** Opening Raw data block **
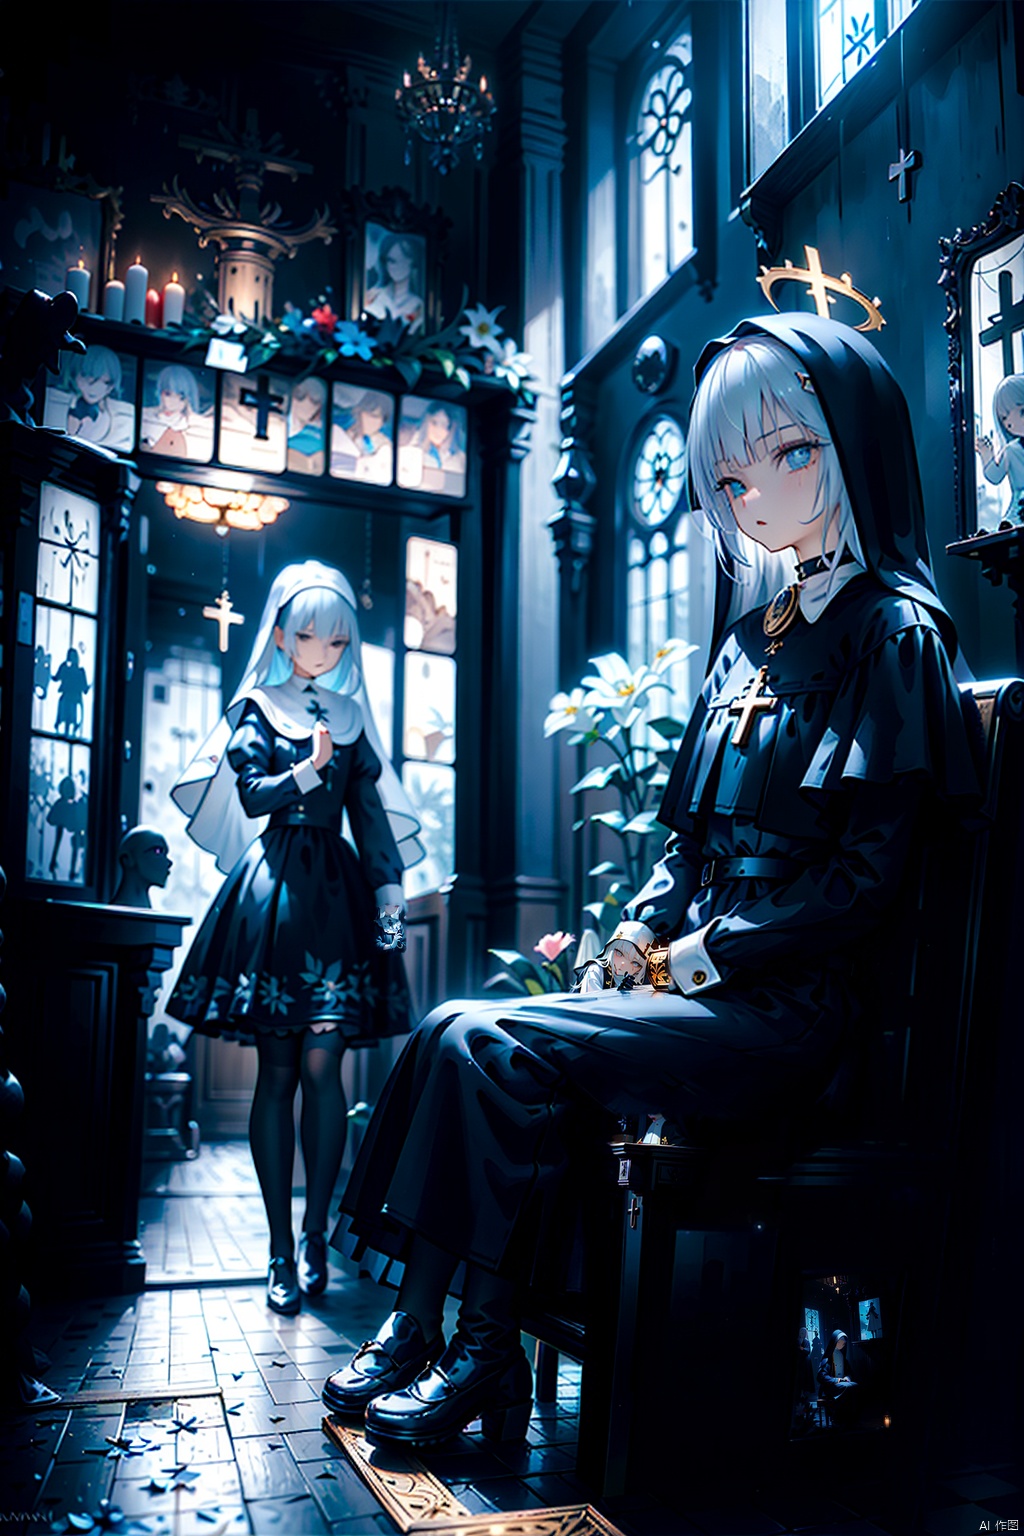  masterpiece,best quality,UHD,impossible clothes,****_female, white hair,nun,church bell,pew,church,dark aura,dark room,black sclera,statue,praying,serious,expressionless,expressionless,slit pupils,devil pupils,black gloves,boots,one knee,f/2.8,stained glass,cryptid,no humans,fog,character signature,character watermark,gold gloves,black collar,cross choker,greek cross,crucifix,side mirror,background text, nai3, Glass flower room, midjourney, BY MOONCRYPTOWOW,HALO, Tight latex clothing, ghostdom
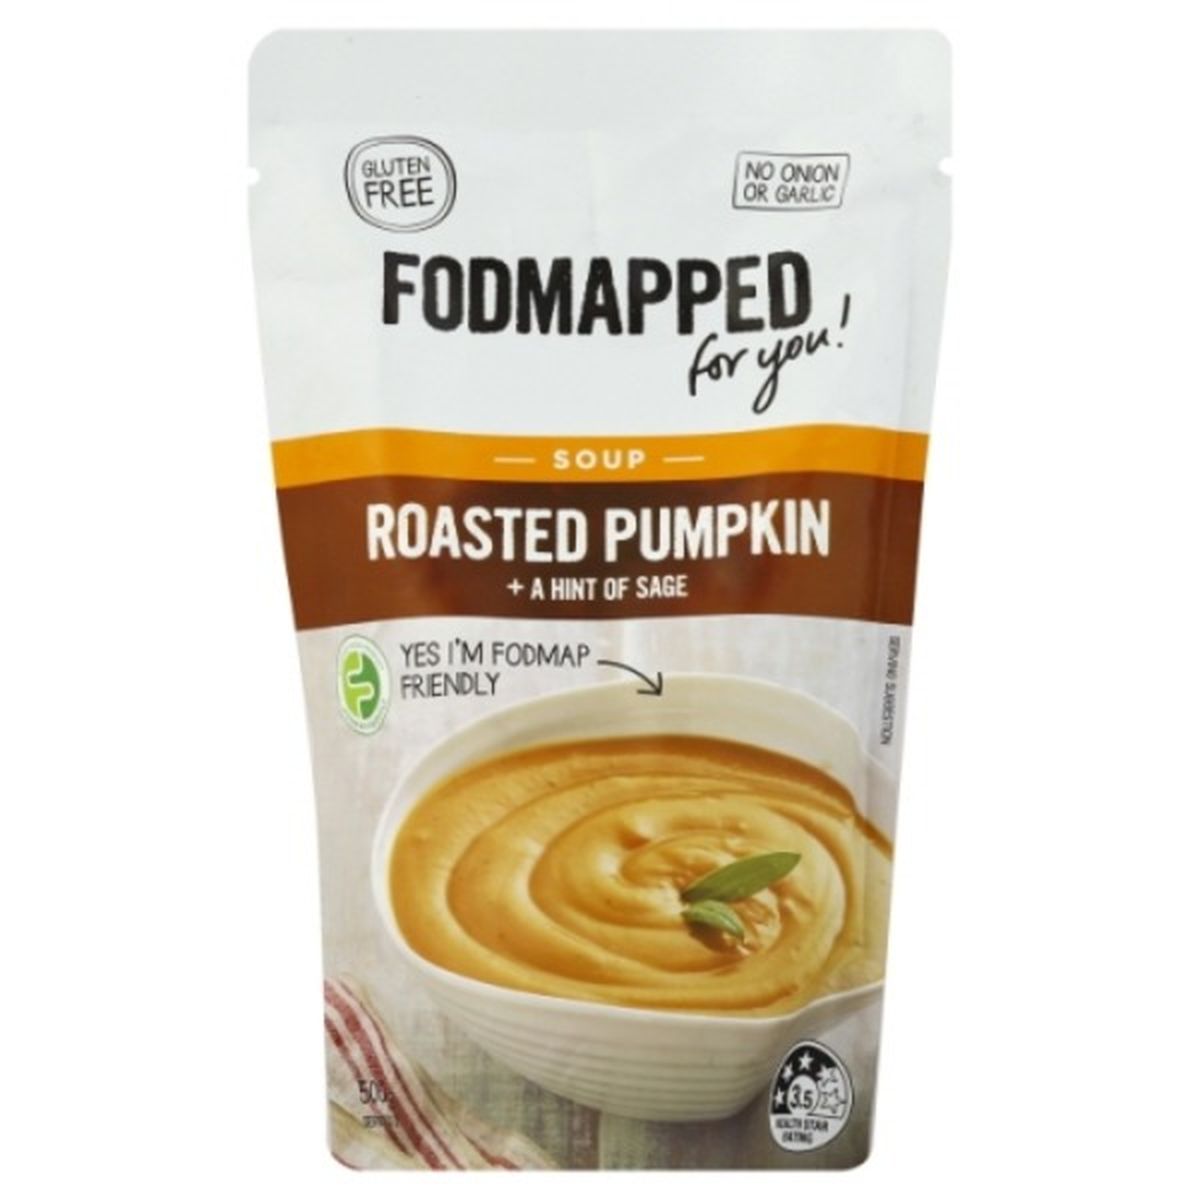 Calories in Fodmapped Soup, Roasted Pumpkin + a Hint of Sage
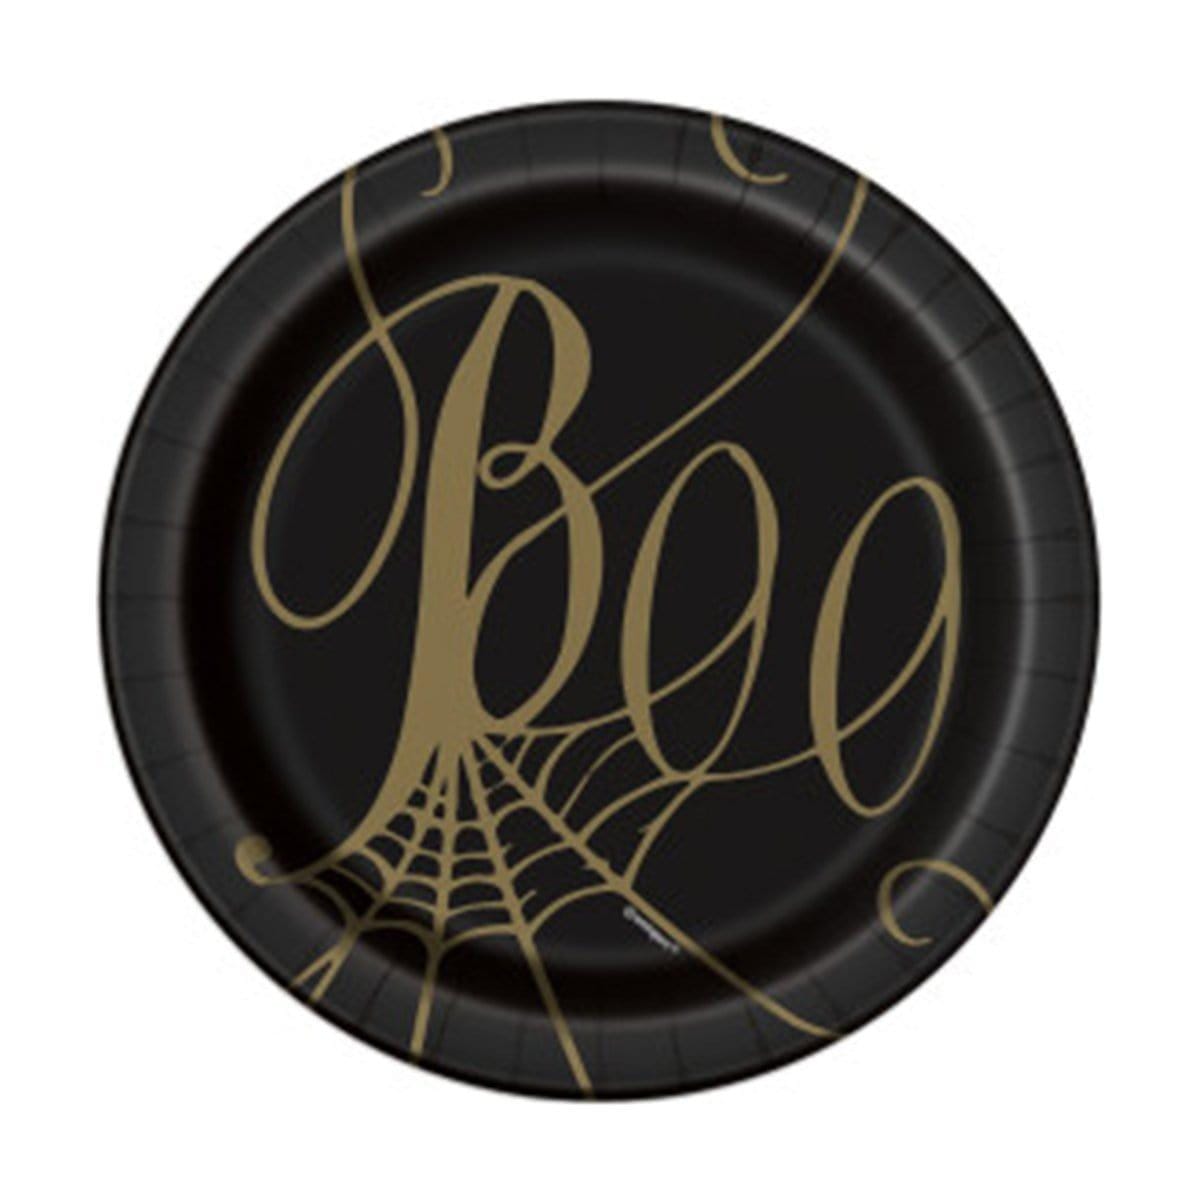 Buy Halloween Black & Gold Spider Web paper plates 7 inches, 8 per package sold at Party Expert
** Closing Raw data block **
Your task: Retype the data above as given, letting no picture into the copy.

Output:
  masterpiece,best quality,UHD,impossible clothes,****_female, white hair,nun,church bell,pew,church,dark aura,dark room,black sclera,statue,praying,serious,expressionless,expressionless,slit pupils,devil pupils,black gloves,boots,one knee,f/2.8,stained glass,cryptid,no humans,fog,character signature,character watermark,gold gloves,black collar,cross choker,greek cross,crucifix,side mirror,background text, nai3, Glass flower room, midjourney, BY MOONCRYPTOWOW,HALO, Tight latex clothing, ghostdom
 Calories in Fodmapped Soup, Roasted Pumpkin + a Hint of Sage
 Buy Halloween Black & Gold Spider Web paper plates 7 inches, 8 per package sold at Party Expert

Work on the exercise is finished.